Пастор умолк. Все смотрели друга на друга с недоумением. На лице Алимари появилась улыбка удовольствия.
– Очень обязан вам, почтенный господин пастор, – сказал он, – за сообщение этого анекдота; я слыхал об нем в разные времена и от многих особ, но каждый рассказ противоречил другому, противоречил и самому себе. Людям не довольно того непонятного, что на самом деле случается: они стараются изукрасить слышанное и бессовестно искажают. Впрочем, господа шведы богаты такими историями. Я знавал за несколько лет пред сим в Неаполе шведского посланника, человека прелюбезного, преумного и образованного; он рассказывал мне также одно достойное любопытства событие. Он был статс-секретарем при покойном шведском короле Густаве III и пользовался особенною его милостию. Однажды после обеда король призвал его к себе, отдал ему какую-то важную дипломатическую бумагу и приказал изготовить по ней исполнение непременно к докладу следующего утра. Граф отправился домой, написал требуемое, запер обе бумаги в ящик письменного стола и поехал на вечер, к приятелю.
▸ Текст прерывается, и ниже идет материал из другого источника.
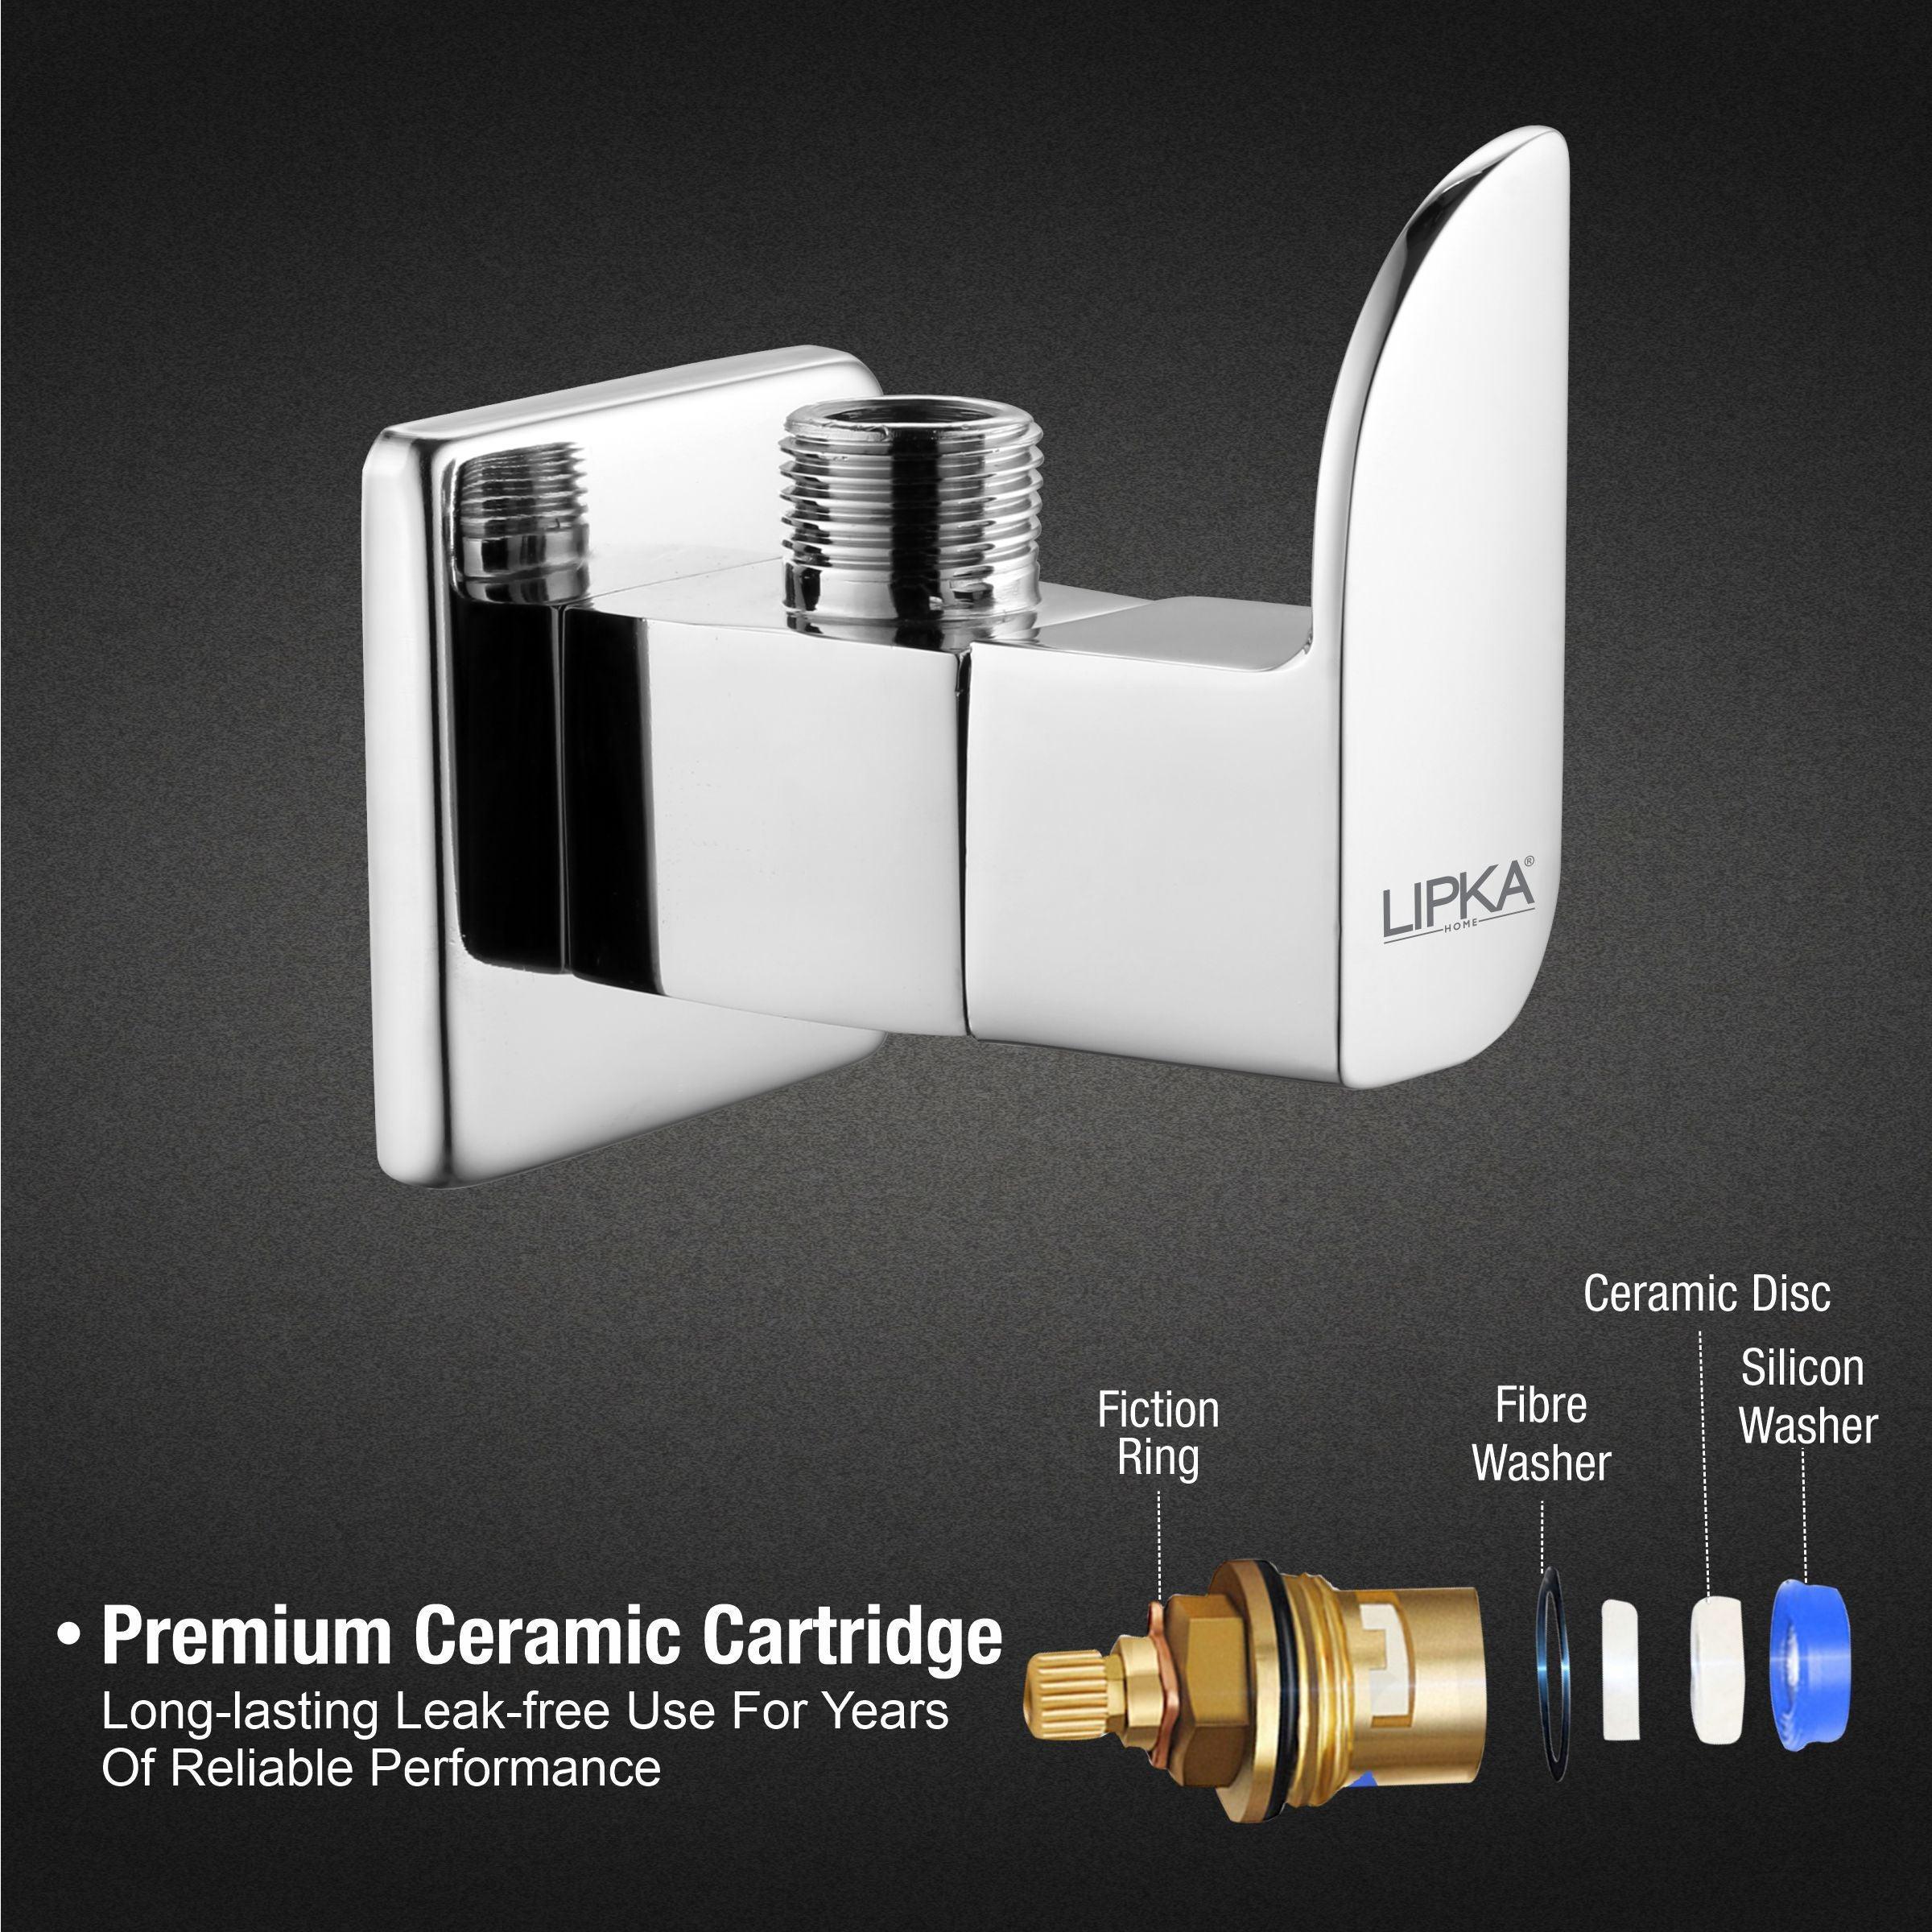 Arise Angle Valve Brass Faucet - LIPKA - Lipka Home
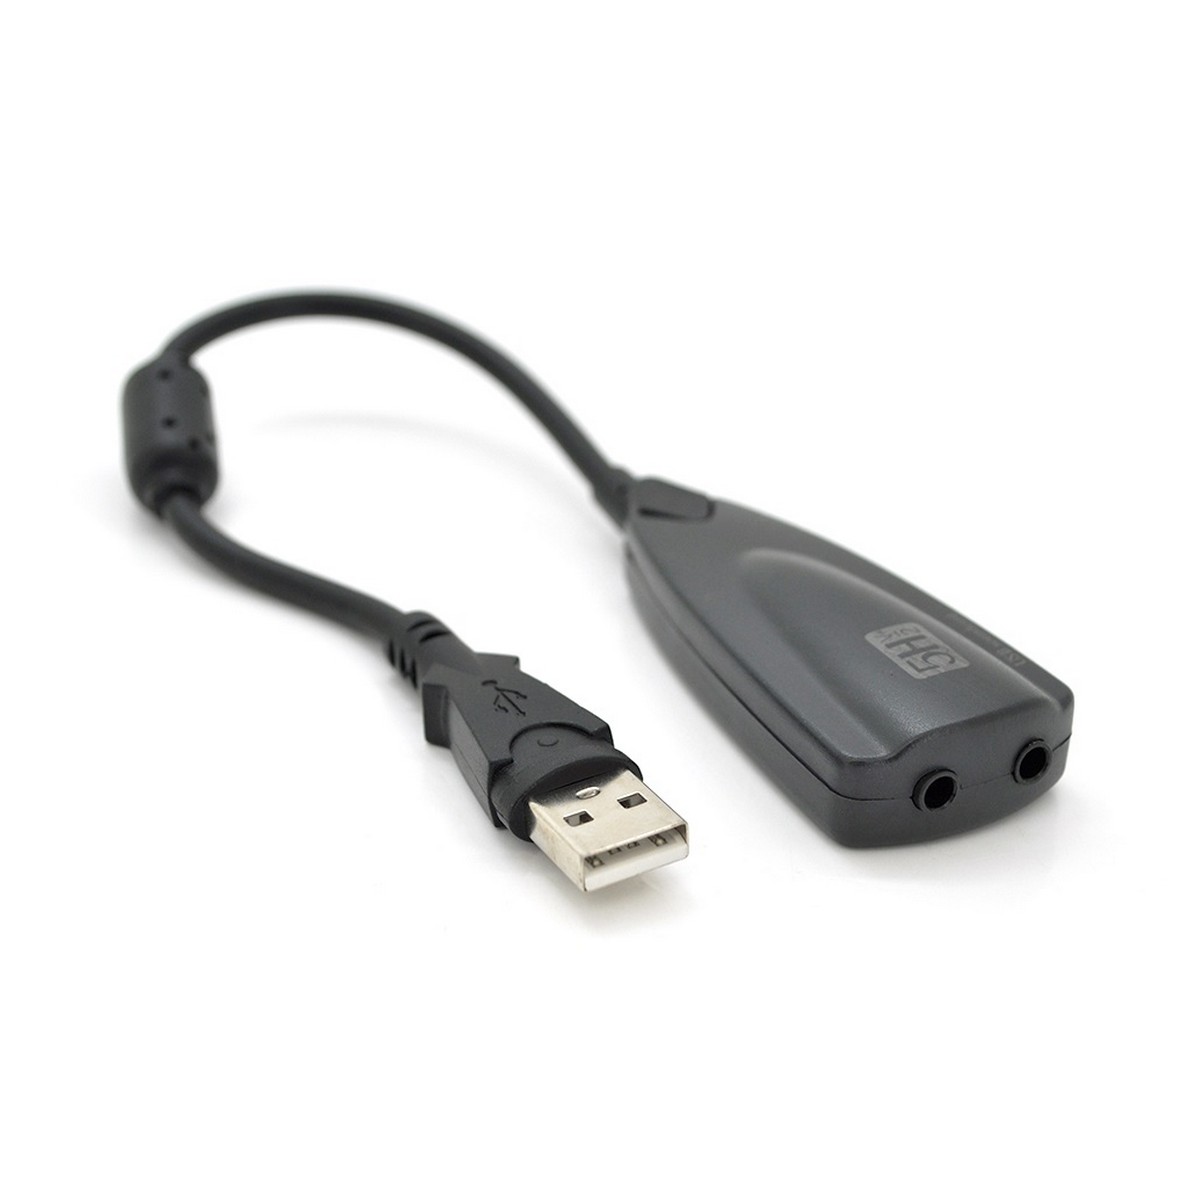 Звуковая карта Voltronic USB-sound card (7.1) 3D sound Black (YT-SC-7.1/07386)

Возвратясь домой около полуночи, он занялся приведением в порядок бумаг к завтрашнему докладу, но никак не мог найти бумаги, полученной от короля, и написанного им ответа. Он помнил, что положил их в ящик, но их ни там и нигде не было. Он разбудил жену свою, расспрашивал всех домашних; никто в его отсутствие не входил в кабинет, а бумаги исчезли. Ночь прошла в тщетных поисках. При наступлении утра граф, утомленный бдением и досадою, бросился в отчаянии в кресла, думая поехать к королю, объявить о несчастном случае и просить прощения в неумышленном проступке. К нему подошел его управитель, помогавший искать бумаги, человек добрый и честный.
– Смею ли предложить вашему сиятельству средство к отысканию бумаги, средство несомненное? – сказал он с робостью.
– Какое? – спросил граф с нетерпением.
– Извольте посоветоваться с ворожеею. Я знаю такую женщину; она чухонка и чудесно ворожит на картах и на кофе.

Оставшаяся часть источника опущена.